The incorporation of steel fibers in a concrete mix enhances the shear capacity of reinforced concrete beams and a comprehensive understanding of this phenomenon is imperative to have an accurate estimation in engineering designs. Although significant studies have been carried out on shear capacity estimation, mechanics-based models are not yet available due to the complex underlying phenomenon. This paper presents a data-driven approach to the shear strength of SFRC beams and incorporates the largest database compilation of 507 experimental data. Input features considered in this study are the ratio of shear span to effective depth, concrete compressive strength, longitudinal reinforcement ratio, volume fraction, aspect ratio, and type of fiber. Eleven machine learning (ML) models, namely linear regression, ridge regression, lasso regression, decision tree, random forest, support vector machine, k-nearest neighbors, artificial neural network, XGBoost, AdaBoost, and CatBoost, are evaluated to examine their shear strength estimation of SFRC beams. The XGBoost is resulting in the most accurate predictions (85%) with the lowest root mean squared error and low mean absolute error. A study on the importance of the input parameters reveals that shear span to effective depth ratio, longitudinal reinforcement ratio, concrete strength, and volume fraction of fiber are the most influential parameters of shear strength of SFRC.

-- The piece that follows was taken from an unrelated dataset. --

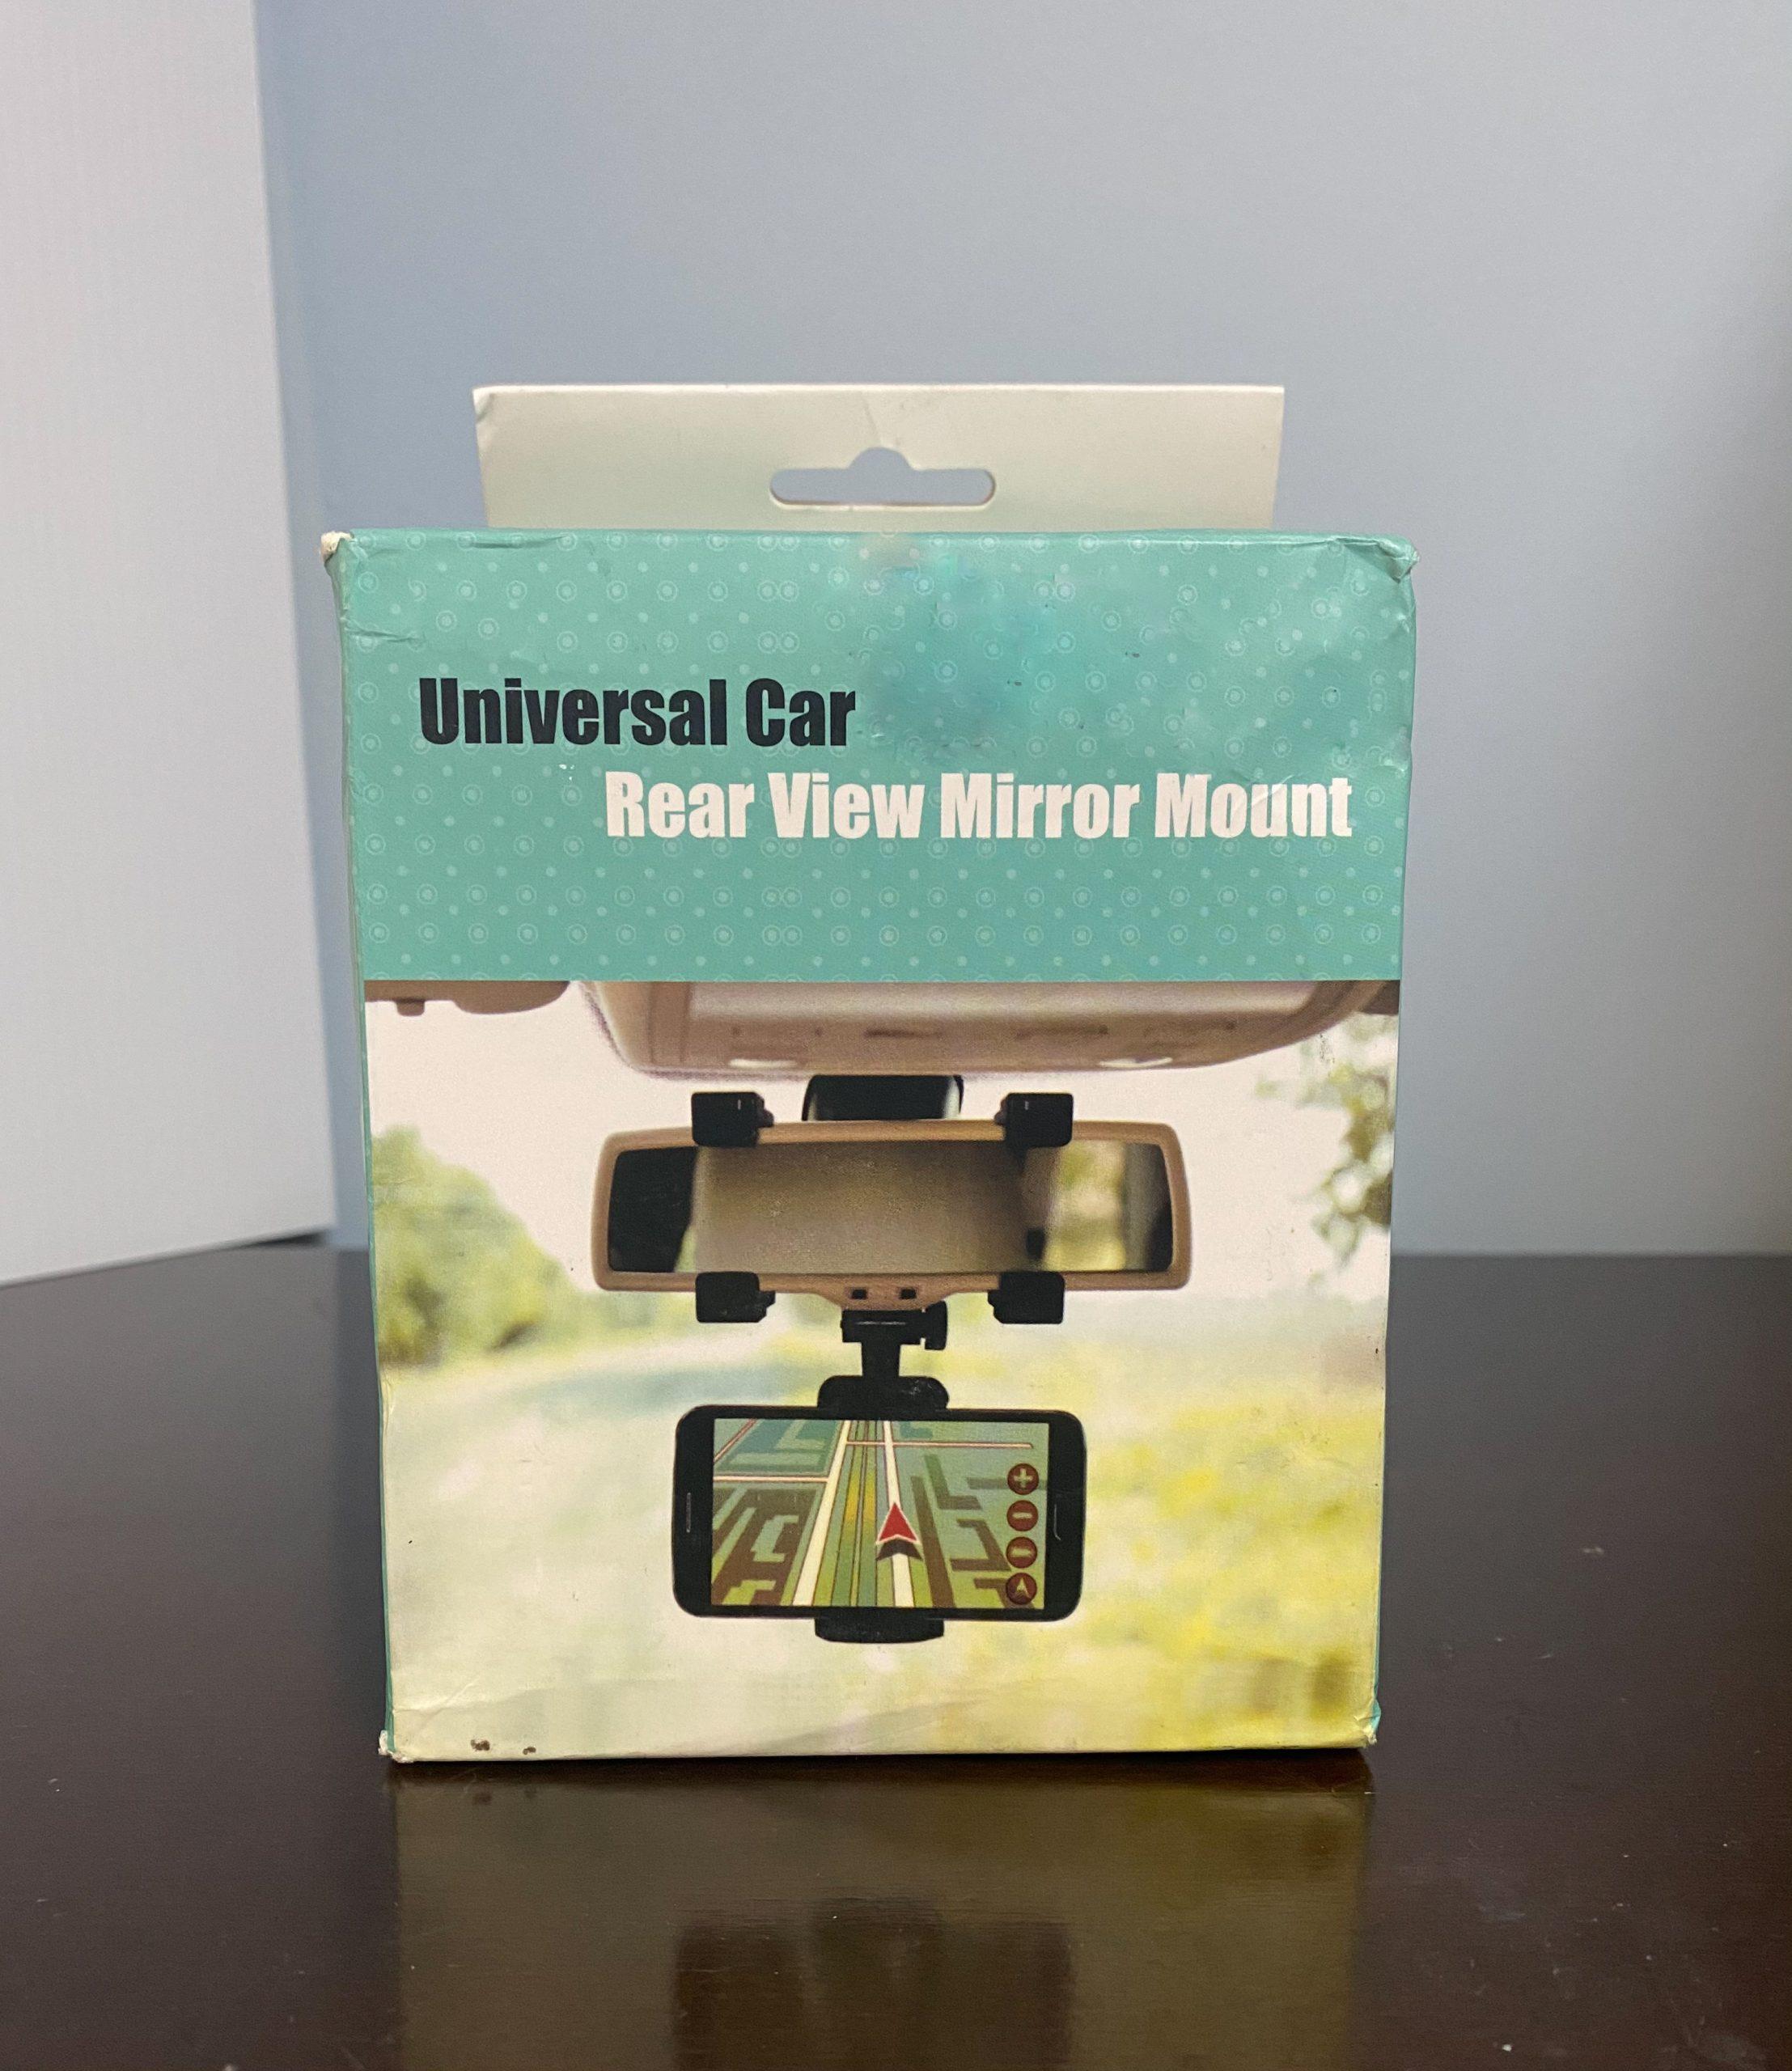 Universal Rear view mirror mount
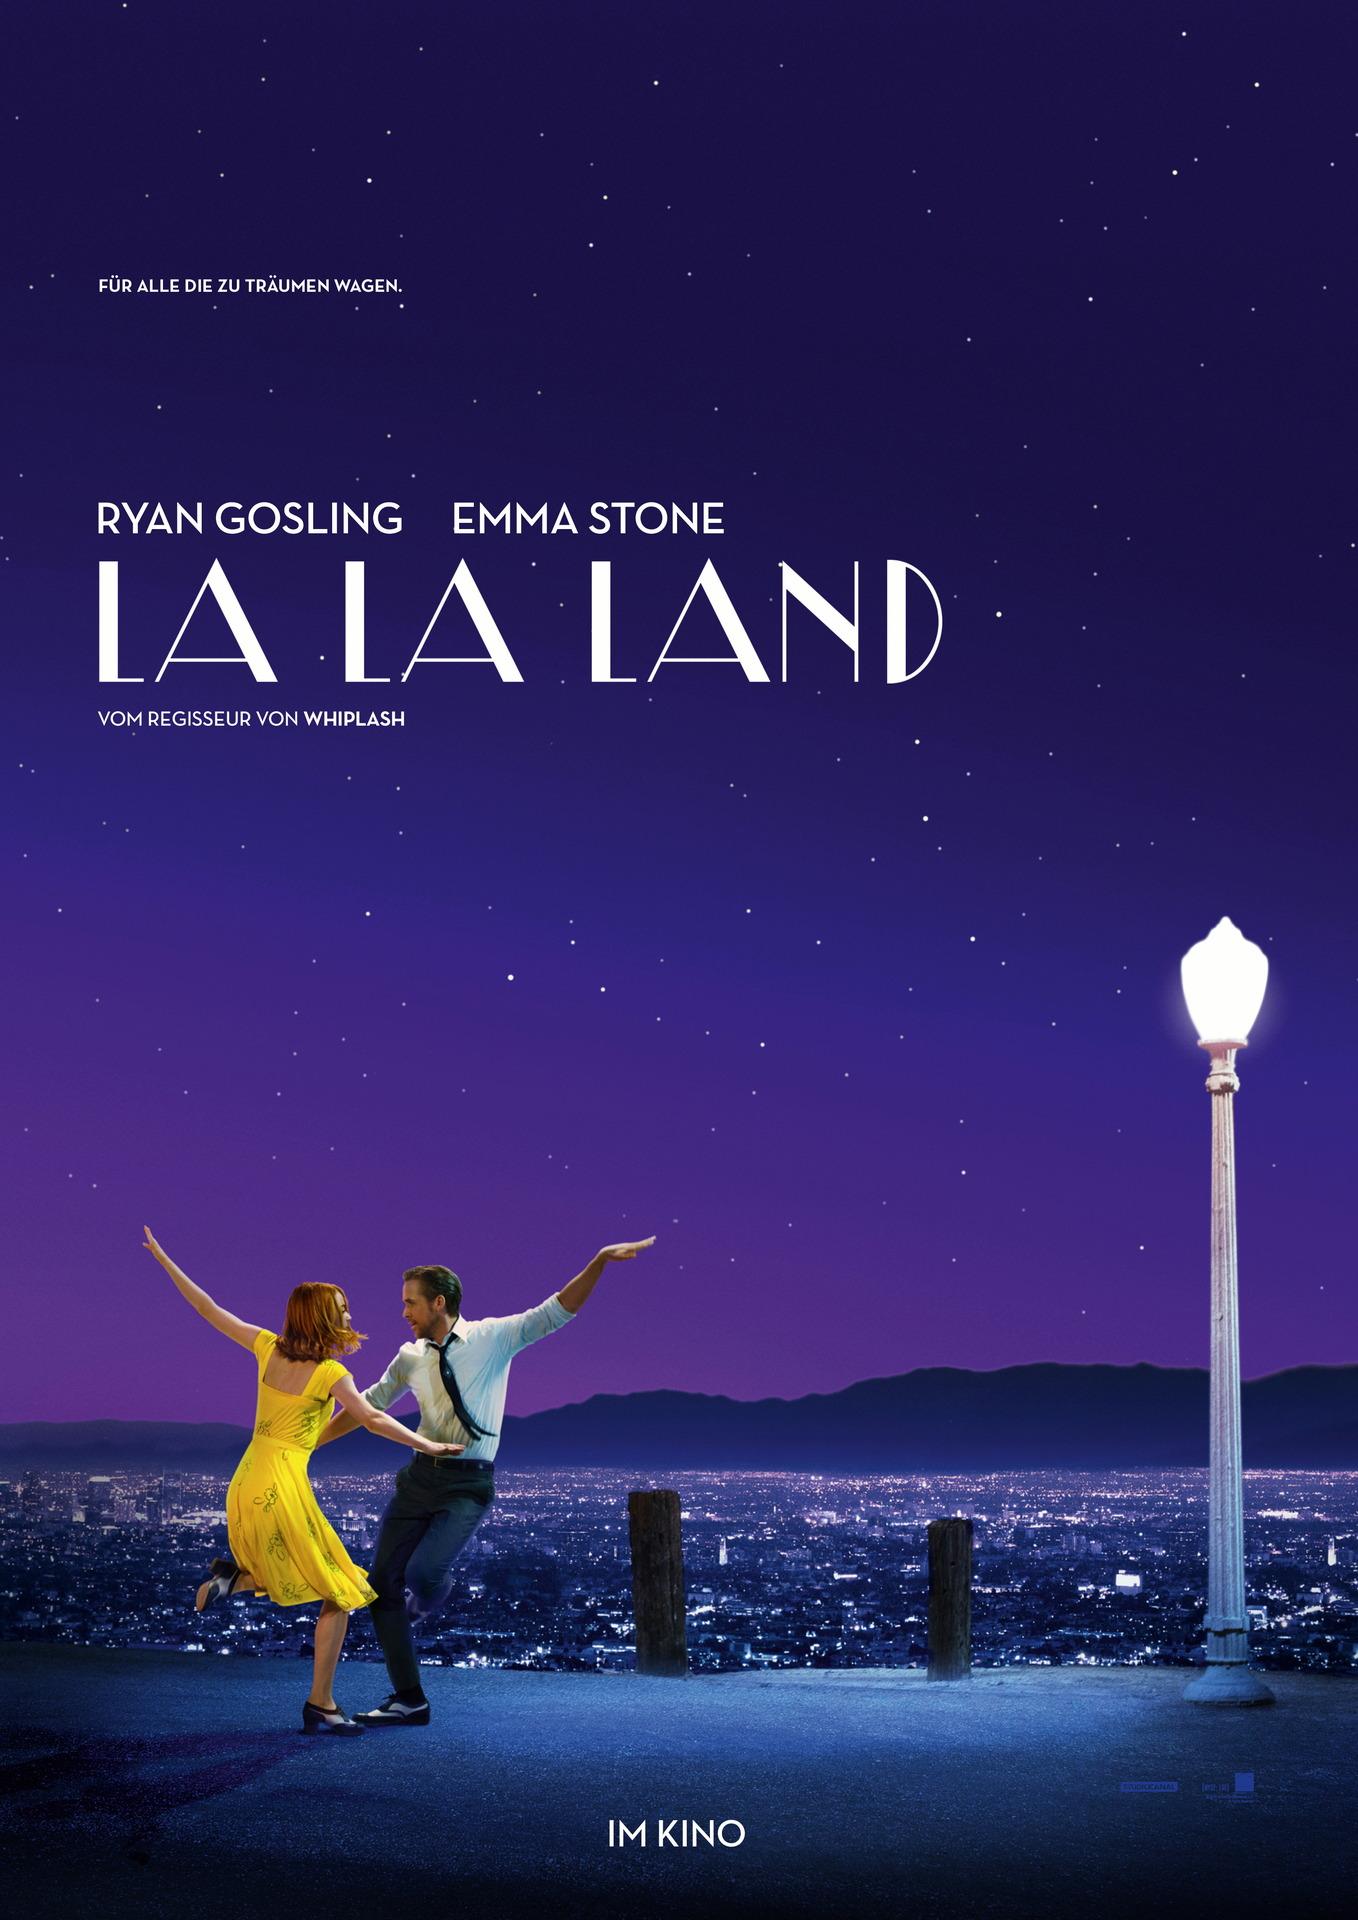 la-la-land-3-rcm0x1920u

机译:在混凝土混合中加入钢纤维增强了钢筋混凝土梁的剪切能力,对这种现象的全面了解是在工程设计中具有准确的估计。尽管在剪切容量估计上进行了显着的研究,但由于复杂的潜在现象,基于机械的模型尚未使用。本文提出了一种数据驱动的SFRC光束剪切强度的方法,并包含507个实验数据的最大数据库编译。本研究中考虑的输入特征是剪切跨度与有效深度,混凝土抗压强度,纵向增强率,体积分数,纵横比和纤维类型的比率。十一机器学习(ML)模型,即线性回归,岭回归,套索回归,决策树,随机森林,支持向量机,k最近邻居,人工神经网络,XGBoost,Adaboost和Catboost进行评估,以检查他们的剪切SFRC梁的强度估计。 XGBoost导致最精确的预测(85%)具有最低的根均方误差和低平均绝对误差。对输入参数的重要性的研究表明,剪切跨度为有效深度比,纵向增强比,混凝土强度和纤维的体积分数是SFRC剪切强度最有影响力的参数。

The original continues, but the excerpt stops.